Rat Snakes (Eastern Rat Snake/Black Rat Snake)

Appearance: Rat snakes have a patterning similar to a black and white checkerboard which turns a stone color towards the tail, along with a white belly.

Behavior: Rat snakes are a non-aggressive species that freeze when they feel threatened. If they’re provoked further, they release a foul-smelling musky odor in addition to coiling up and attempting to strike. They are most active at night during the warmer months. 

Habitat: Rat snakes are often found in farmlands, or in areas near forests and tall fields.

Where in the US: In eastern states, east of the Appalachian mountains.

Corn Snakes

Appearance: Corn snakes are orange to brownish-yellow in color, and have markings of large, red spots outlined in black along their bodies.

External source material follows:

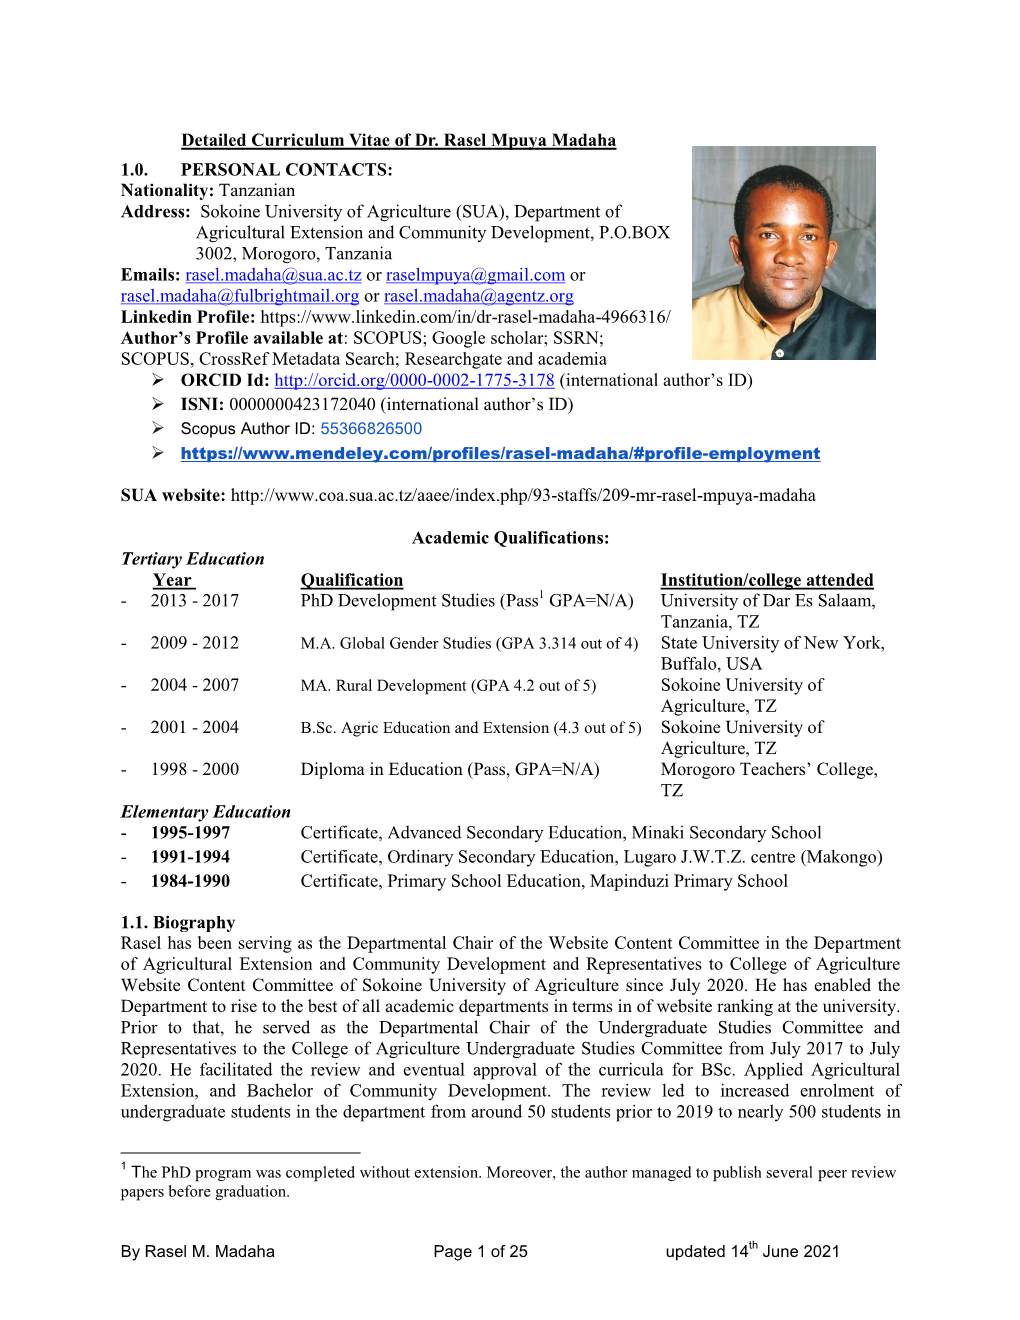 Detailed Curriculum Vitae of Dr. Rasel Mpuya Madaha 1.0

Behavior: Corn snakes are one of the least aggressive species of snake and a common species of pet snake. They rarely bite humans, and even when they do, the bite is about as painful as a papercut. 

Habitat: Corn snakes often spend time around farms or anywhere that stores corn or grains, as they prey on the mice and rats attracted to these places. They are most commonly found in undeveloped grass lots, overgrown fields, clearing in forests, and in areas in cities that are relatively uninhabited. 

Where in the US: In the southern states.

Northern Watersnakes

Appearance: Northern watersnakes are dark in color, and can be tan to dark brown, or sometimes grayish. They are typically covered in dark-colored blotches along the length of their bodies and have grey, yellow, or off-white bellies. Due to their appearance, they’re commonly mistaken for venomous copperheads or cottonmouths.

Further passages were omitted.